Macallan Jubilee Bottling

The Macallan Diamond Jubilee lo (1)

I was quite surprised when this sample popped through my letterbox (it was a really nice surprise though, as my week had been long!). I really didn’t think Macallan would need anyone to review this. After all, it’s the Macallan Jubilee bottling for God’s sake. It’s got the Queen’s face on it, it’s a Jubilee year, it’s Macallan. All of these elements mean that it will sell and sell quickly. It’s limited to the UK, so all of those overseas royal family fans will have to buy it on auction sites, Ebay, or any of the other places that whisky is bought and sold in the wild west that is the collectibles market.

On the subject of the Royals, these Jubilee celebrations have definitely brought out a little bit of Republican in me. Celebrating some people who weren’t elected but have a huge amount of influence, live in a fancy homes and travel the World on the UK’s behalf and on tax payers money. Weird. Not a big fan. I don’t want to get rid of them necessarily, but maybe they should have less power and significance. I respect some of them for the way they have conducted themselves (including and especially the Queen), but I think they shouldn’t get such adulation. Back on to the whisky before I start ranting…

This bottle will cost you 350 of your finest British pounds, and there are 2012 bottles of it, so it is a medium sized offering. I think much of it will be bought to be sold on, and I reckon those people who sell it will make a profit, but on this, whisky companies can’t win really. If Macallan had priced it at 80 quid, that would have been cheap.

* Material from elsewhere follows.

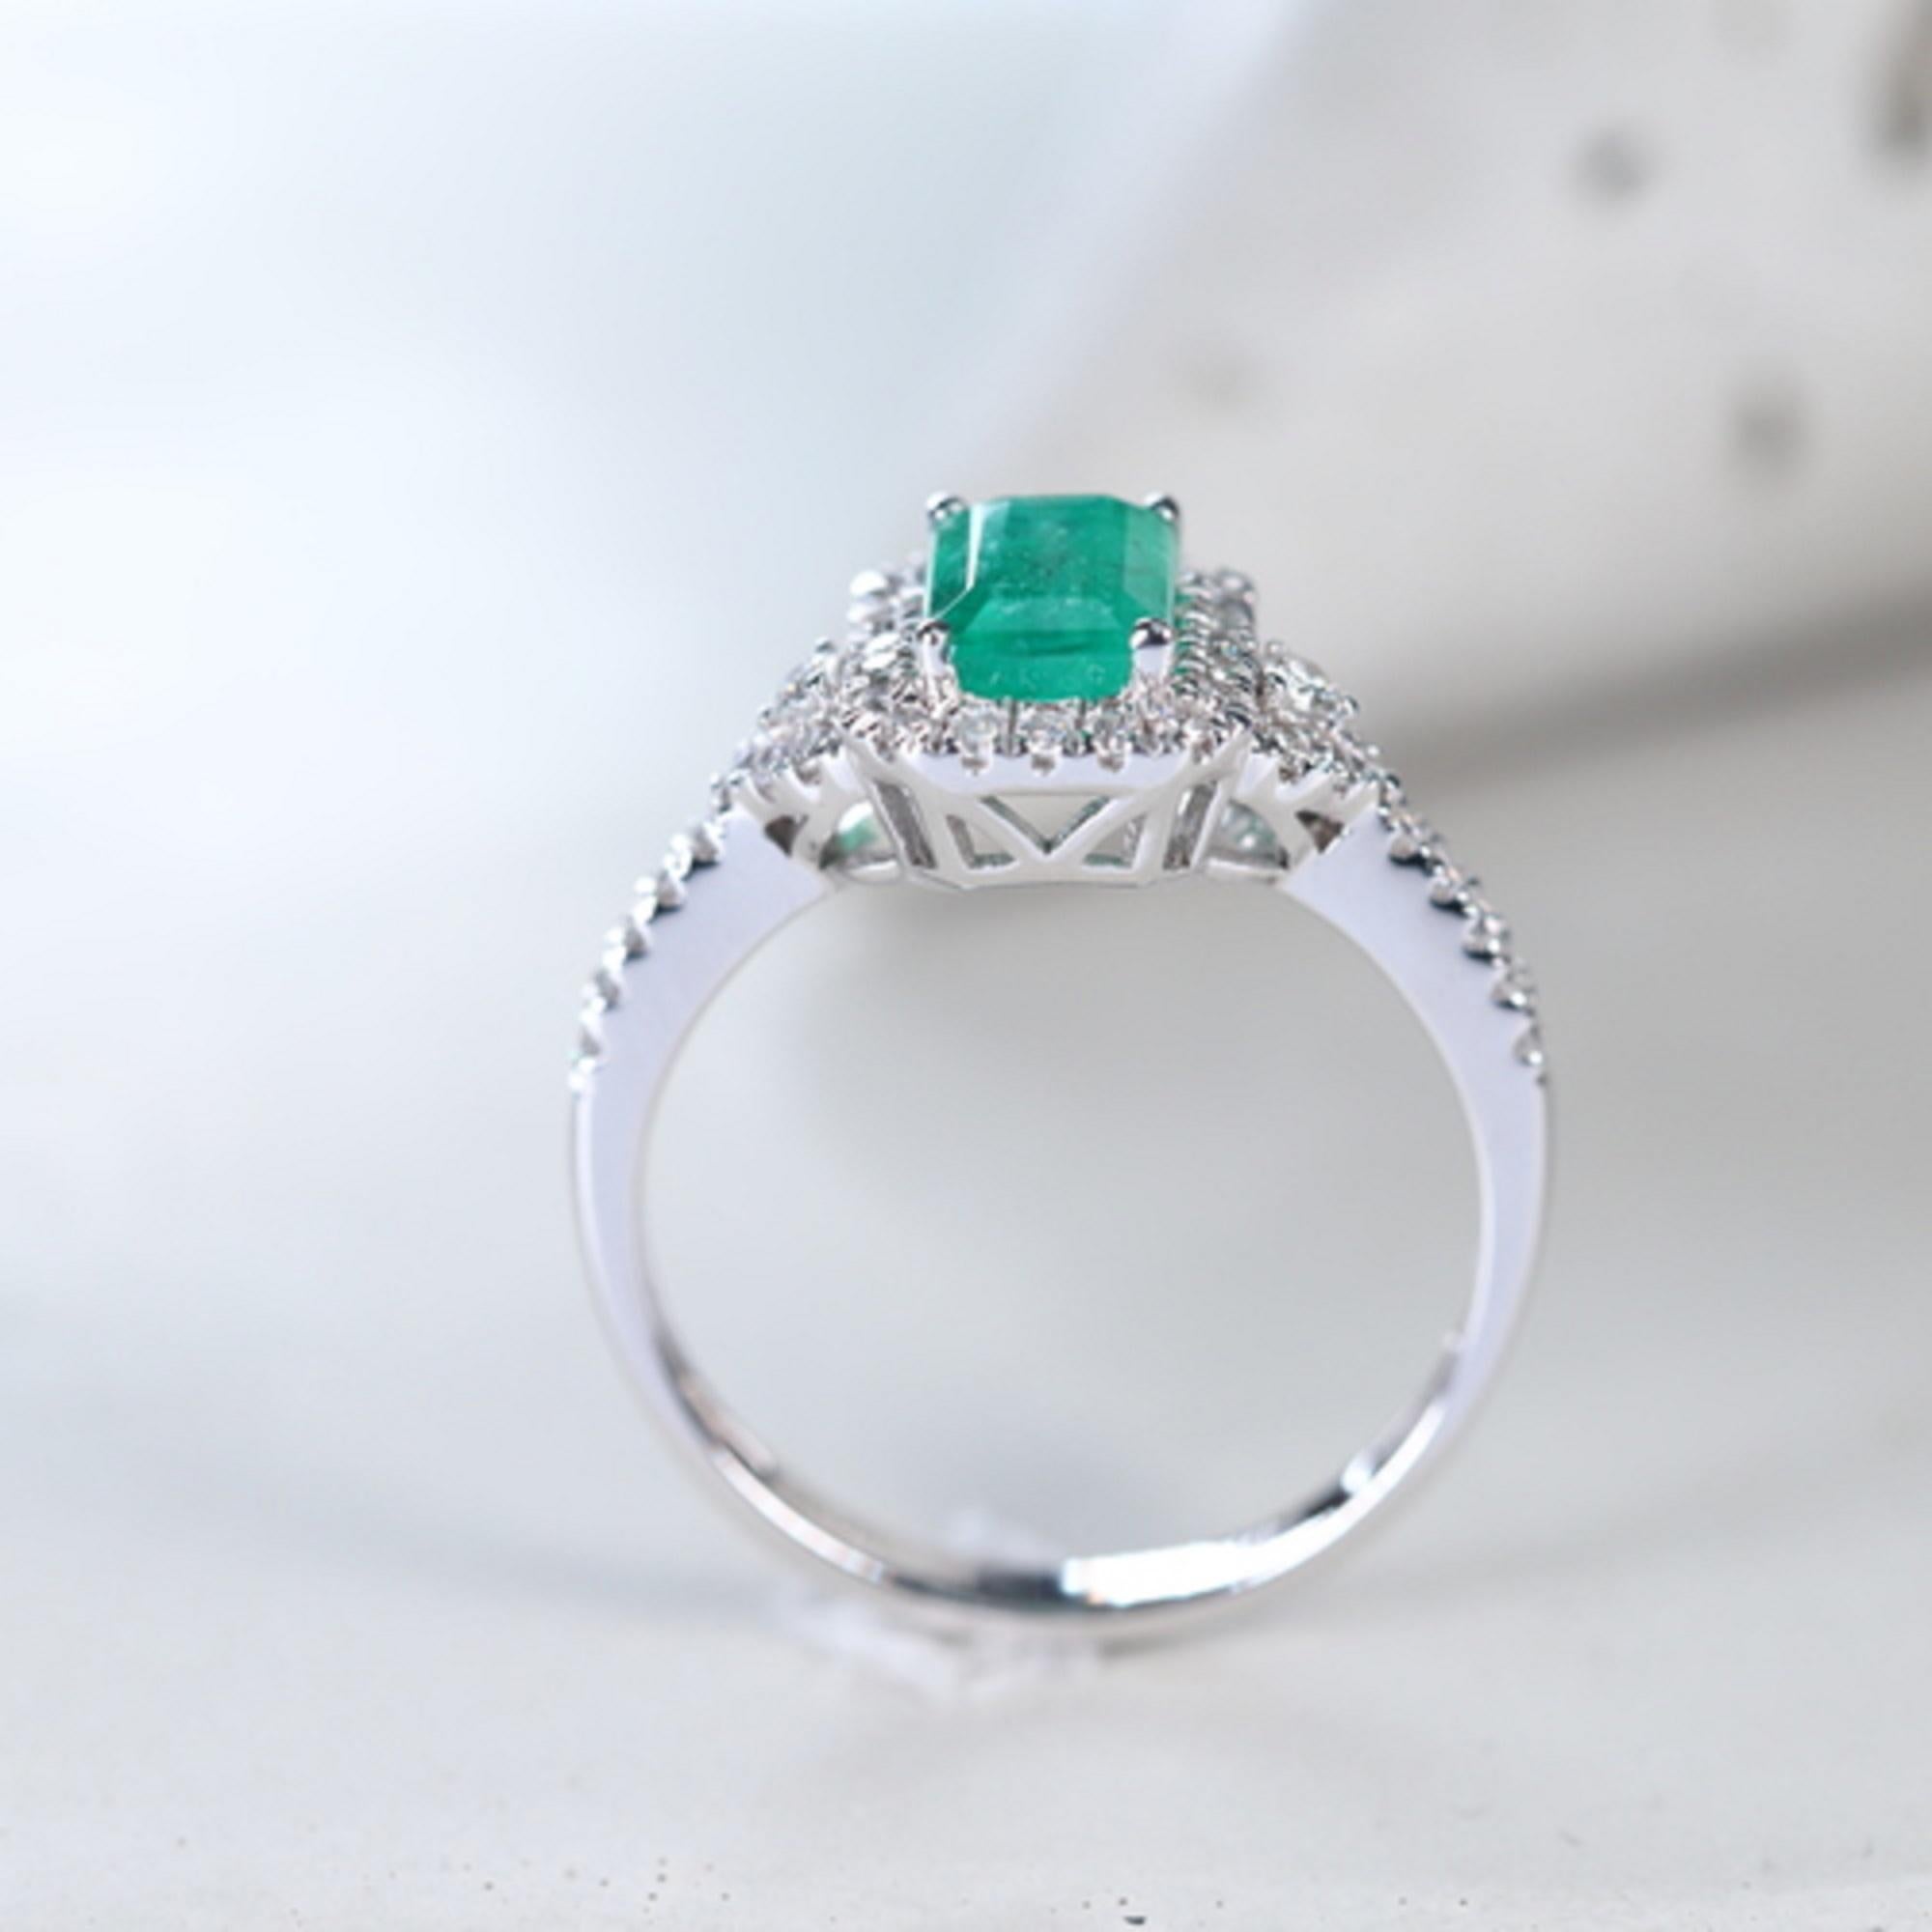 Emerald Cut Classic Emerald-Cut Emerald and Round Cut White Diamond 14K White Gold Ring

The bottles would spend years being bought and sold before someone paid the correct value and just cracked the thing open. Royal collectors who genuinely wanted a bottle would complain if it was too cheap, as it would sell out within seconds and they would fail to get the bottle to add to their royal mugs, china corgis and other royal memorabilia (guff) . If companies price it too highly, whisky geeks (I’m allowed to say it, I am one) would slam them for profiteering and start warning about the expensive whisky bubble bursting. Damned if you do, drammed if you don’t. Or something like that. On to tasting notes;

Macallan Jubilee Bottling
2012 Bottles
52% ABV
£350 from here

Nose: At first, honey, followed by raisins, pralines, white chocolate buttons. For me, it’s quite a delicate and refined nose. Quite lovely. It’s pretty cold in Casa Hoban this evening, so I am warming the glass to see if this whisky has more to say. Stewed apples and a little hint of nutmeg after warming.

Palate: At cask strength, it is too strong. That may sound stupid, but let me explain. Some whiskies at cask strength are fine. You exclaim “that doesn’t taste like 60 per cent!” but there are other whiskies that need water. Without water it just had a slight caramel hint, slight honey hint and a fire.

With water: Spice, oakiness, tannins, light grapey notes and light notes of plums. I want more from this! On the nose it showed potential, but it just doesn’t take my breath away. It’s fine, but almost feels a little restrained. I want more fruitiness, sherried notes and honey.

Finish: Actually, the finish is quite nice. Bit more sweetness.

Overall: If you love the royals, go for it. It’s a funny dram, because the nose is lovely, and the finish is grand, but the palate just lacks a little punch. If you want an awesome Macallan, buy the 18yo instead. Buy 2 or 3 bottles. It’s stunning.